Author(s)
Jennifer Gottfried
Ryan Kong
Sara Abu-Ghanem
Affiliation(s)
College of Medicine, SUNY Downstate Health Sciences University, Brooklyn, NY; Department of Otolaryngology, SUNY Downstate Health Sciences University, Brooklyn, NY; Division of Otolaryngology, Maimonides Medical Center, Brooklyn, NY;
Abstract:
Objective: Post-stroke vocal fold motion impairment (VFMI) has previously been described. However, the incidence and any risk factors are unknown. This study aimed to assess the incidence of vocal fold paralysis and paresis after stroke, as well as the risk factors associated with development of post-stroke VFMI.

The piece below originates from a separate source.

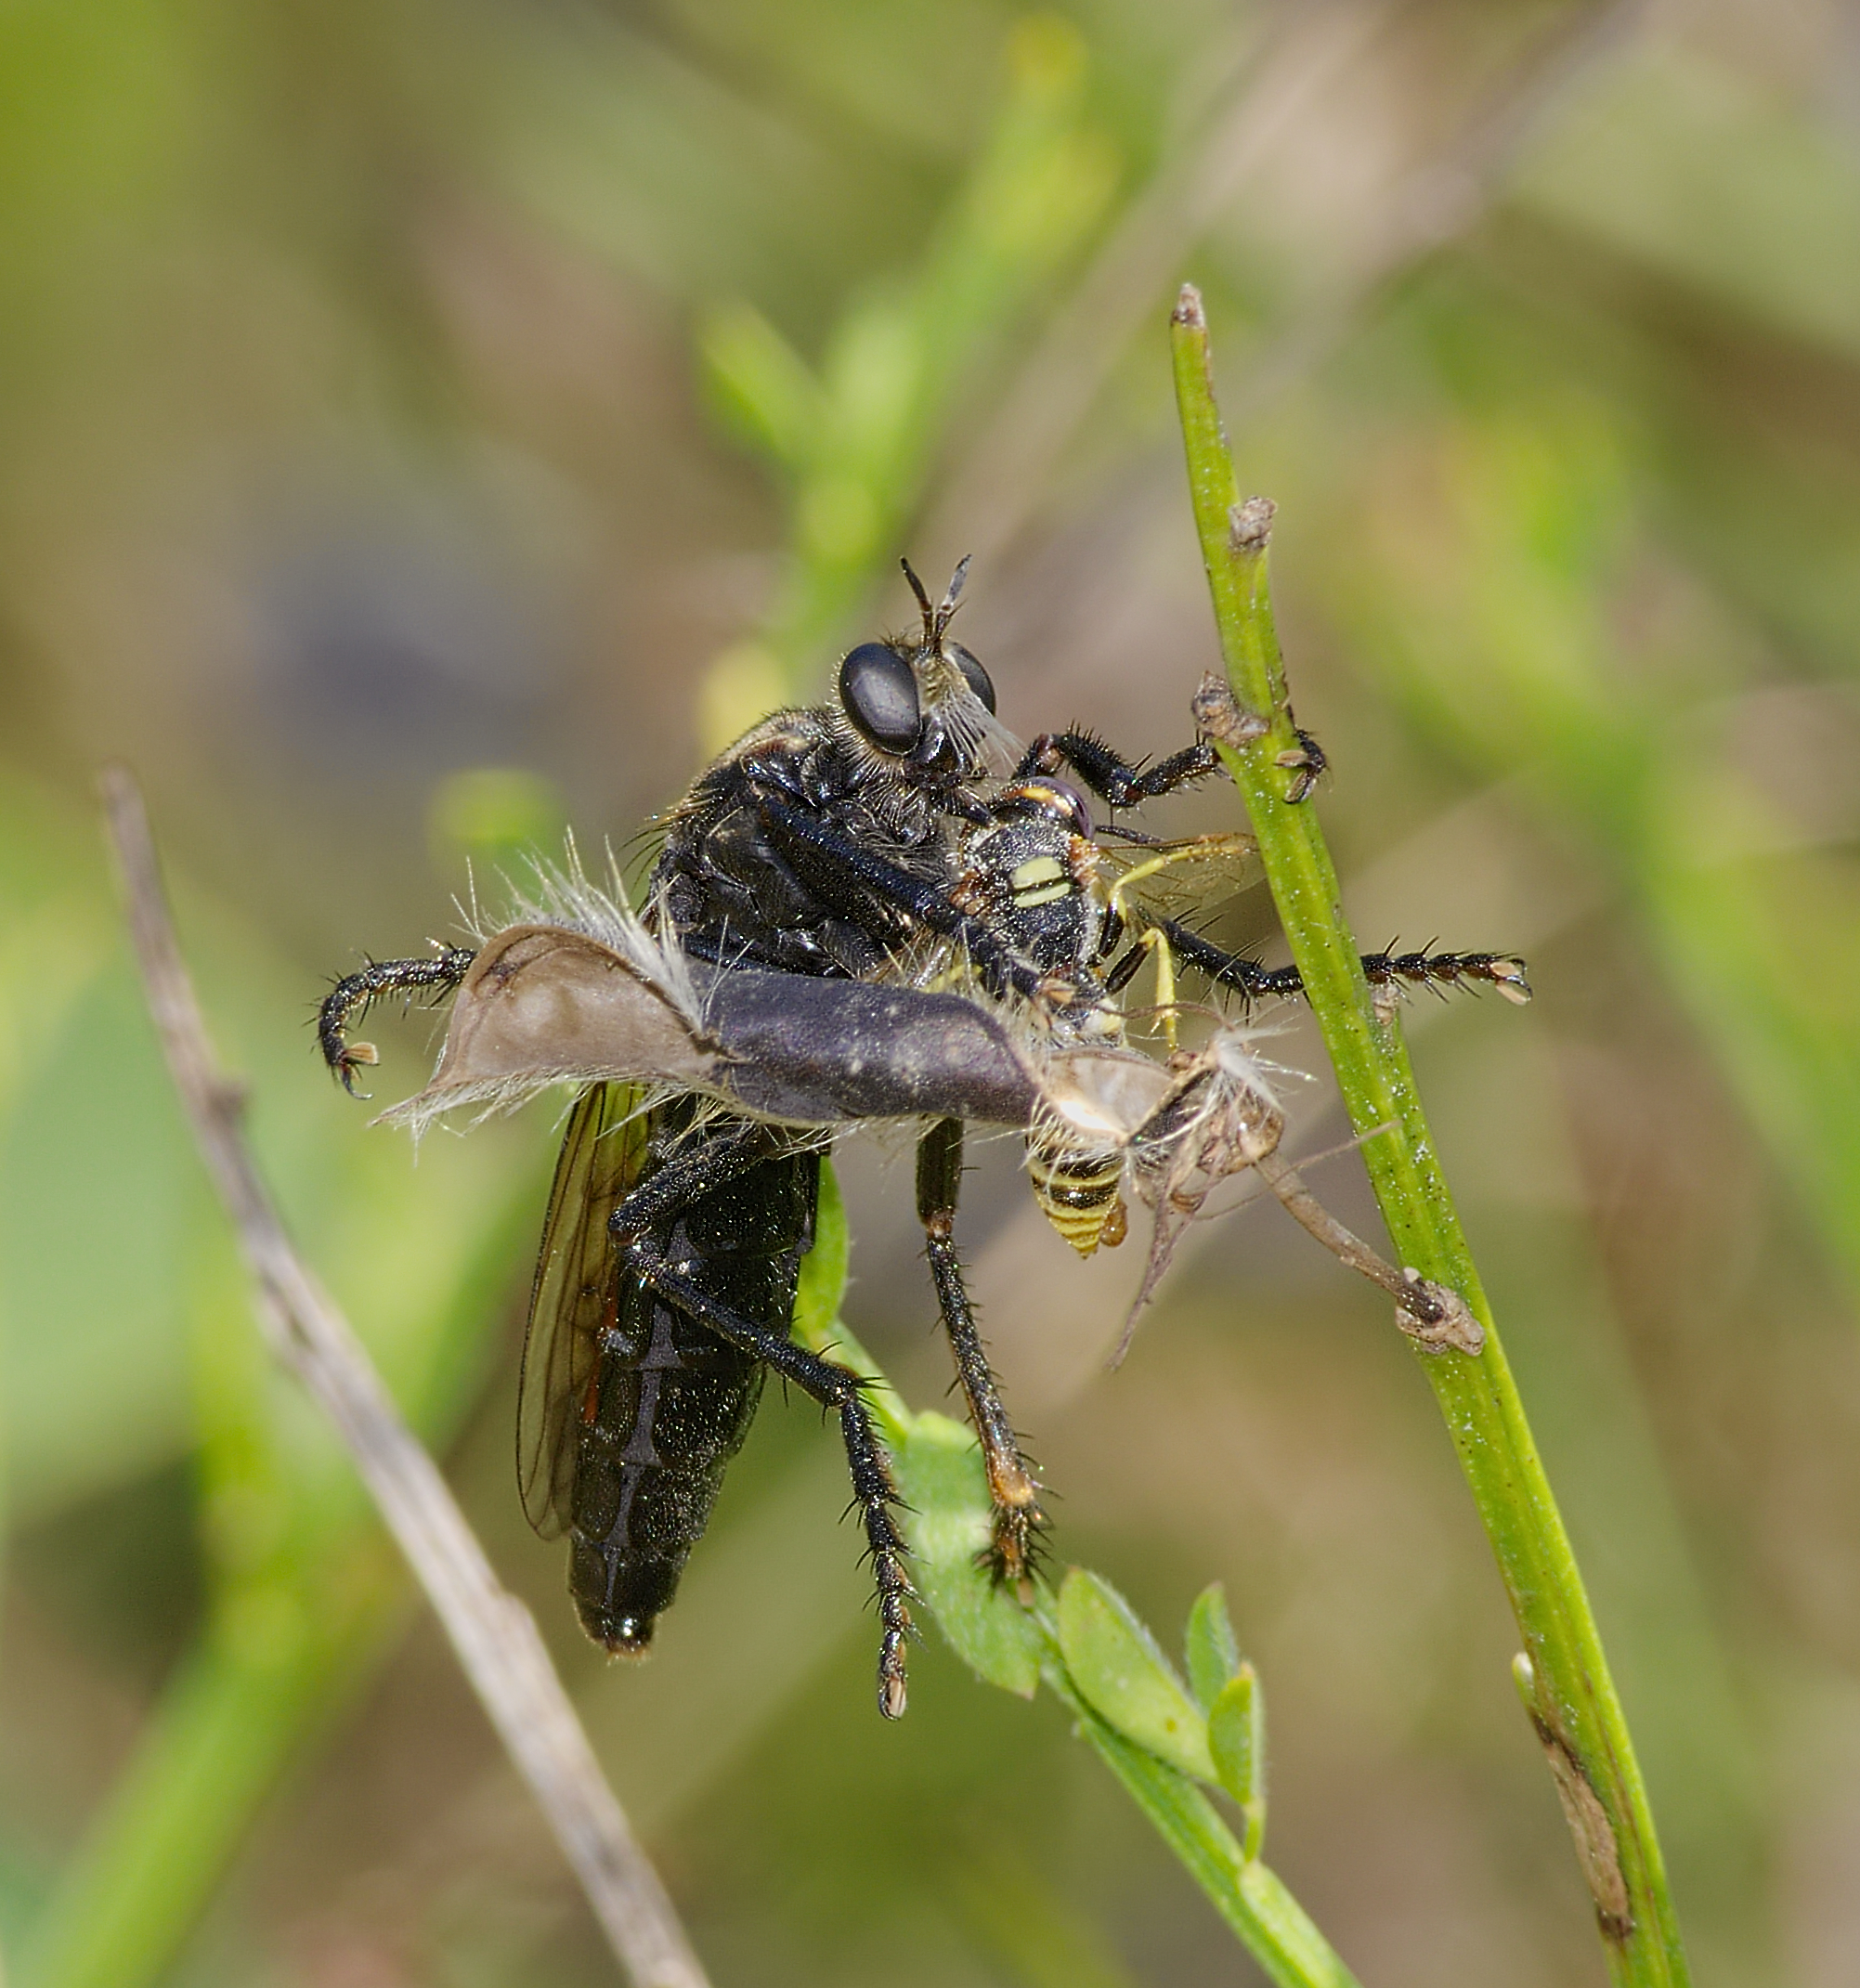 A Robber fly (Dasypogon diadema) by Andreas Eichler

Method: A query of the 2009-2013 New York State SPARCS database was performed using ICD9 codes for adult patients with acute ischemic stroke and intracerebral hemorrhagic stroke with at least one year of follow-up. Chi-square with post-hoc column proportion testing was performed for univariate analysis of patient demographics and comorbidities. Multivariable logistic regression analysis was used to determine odd ratios of developing VFMI after stroke controlling for patient demographics and comorbidities. Significance was set at an alpha level of < 0.05. Analyses were performed in SPSS version 28.
Results: A total of 20,919 stroke patients were isolated. 83 (0.4%) patients were diagnosed with VFMI after stroke diagnosis. Times to diagnosis of VFMI were within admission of stroke, 16 (19.3%); within 1 year, 28 (33.7%); between 1-2 years, 18 (21.7%); and more than 2 years: 21 (25.3%). VFMI patients had higher rates of coagulopathies (8.4% vs 3.4%; p=0.023) and age 40-59 years old (26.5% vs 17.8%; p<0.05) compared to non-VFMI patients. Rates of gender, race/ethnicity, payer type, obesity, alcohol abuse, deficiency anemias, congestive heart disease, chronic pulmonary disease, diabetes, drug abuse, hypertension, hypothyroidism, renal failure, and peripheral vascular disease are similar (p>0.05). Multivariate analysis showed that VFMI patients have an increased odds ratio of pre-existing coagulopathies (OR 2.62; 95% CI 1.19-5.76; p=0.017).
Conclusion: VFMI is a rare complication after stroke, most often diagnosed 1 or more years after stroke. More research is needed to understand the risk factors that place patients at a higher risk of VFMI following stroke and aid in early screening/intervention.